By Francis Quamina Farrier
THERE are those plays that focus on serious social issues which are universal. Such a play, Shadow Hour, is being staged at the Bowie Playhouse in Maryland, USA. Being in that location, I was taken to see the play.
Let me first say that I have attended previous productions at that playhouse, and always felt very much at home. The theatre is just about the size of our Theatre Guild Playhouse in Georgetown, with an approximate similar seating capacity.
It was a full house when I attended. The majority of the members of the audience were elderly women. Maybe that was so because it was a Sunday mid-afternoon matinee performance. As a theatre veteran, I recognised that probably all the other audience members were theatre veterans who had been attending plays and other theatre productions for decades.
I just felt a mutual comradery. That was so before, during and at the end of the performance. We were all theatre lovers, and we were happy to be there to enjoy another of the many plays we have seen, probably in different playhouses, here, there and everywhere.
The chatter and laughter quickly ended as the auditorium lights were slowly dimmed and blackened, and the stage lights slowly rose to the required level. It was the commencement of yet another performance of Shadow Hour by Ralph Tropf. As a member of the audience, I was prepared for the revelation of how powerful male politicians generally function in society. It is a male subculture in developed and developing countries; powerful men dominate almost every facet of society. Many do so with an iron fist as they take revenge on every enemy, real and imagined.
Stated on the cover of the printed programme of the play, Shadow Hour, is the following: “A United States Senator is facing a horrible accusation, and a jury is divided.” Also printed on the front of the programme, just below the image of the courthouse gavel, is the statement, “The truth, it seems, is lost in the shadows…” Sounds a bit depressing! However, the play points out and advocates that although the truth is sometimes somewhat difficult to prove, in the end, the truth will emerge and win out, no matter how long it takes.
So, as the saying goes, “Speak the Truth and speak it ever. Cost it what it may.” This latest production by the Bowie Community Theatre is yet another star in the sky of a theatre that looks and functions like the glory days of The Theatre Guild of Guyana. The “Glory Days”, to which I refer, were the days when directors, actors and all the others worked tirelessly for successful productions, and in a voluntary capacity. Their purpose was to ensure the successful production of the play, and to ensure that all the members of the audience were satisfied.

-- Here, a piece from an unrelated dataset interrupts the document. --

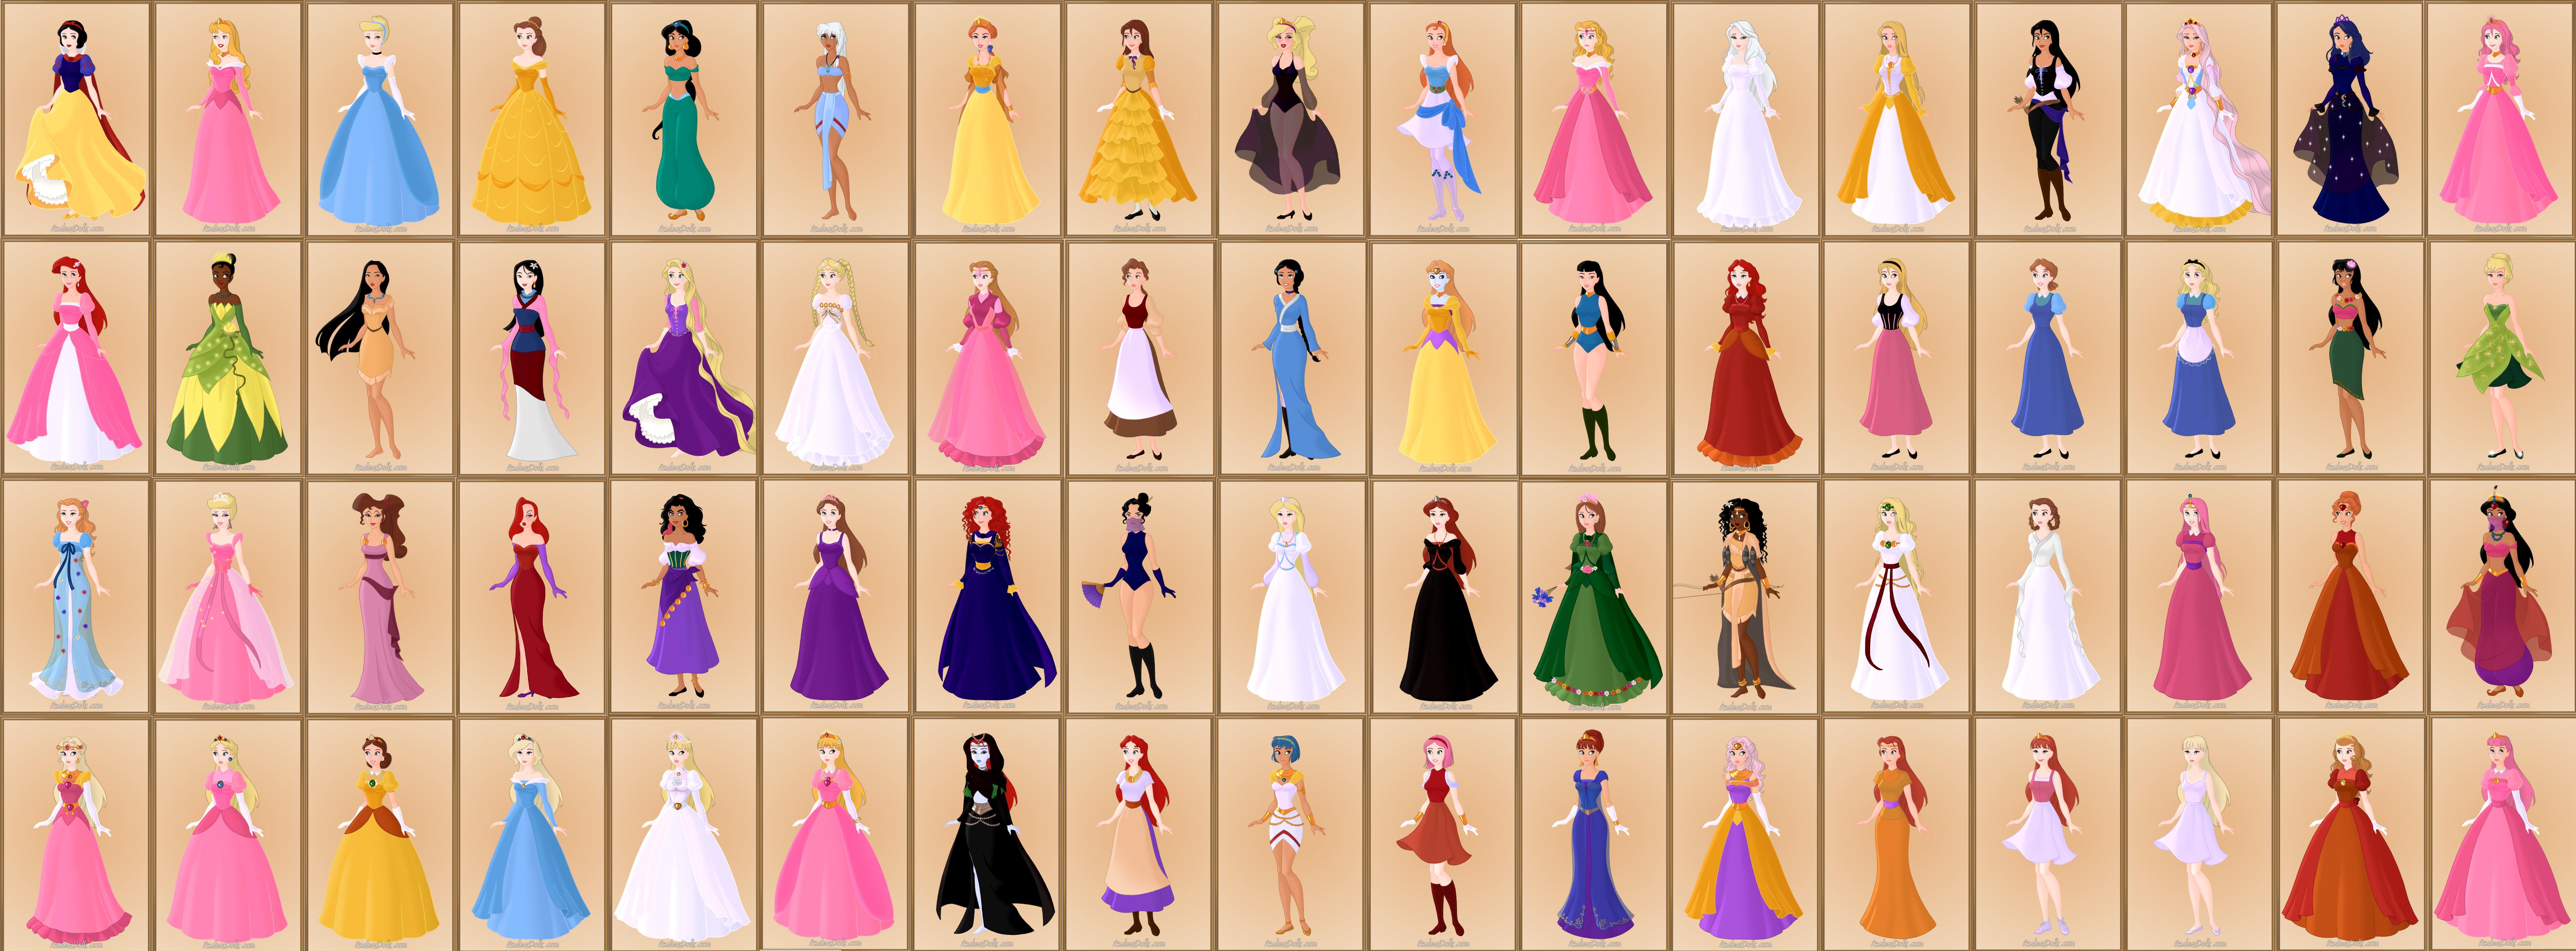 Disney Princes Names List Disney princess, non princess

Those productions were always of an extremely high standard. The quality, in every instance, was that of the West End in London, and Broadway in New York. The actors and actresses were mainly people of the Middle Class who prided themselves on doing what was their principal talent, to the best of their abilities. Some were expatriates who hailed from the United Kingdom, Canada, the United States, the Caribbean and elsewhere. They made their contributions without any financial rewards. They did it for the love of it. They were happy doing it, and their happiness flowed from the stage into the auditorium and the wider society.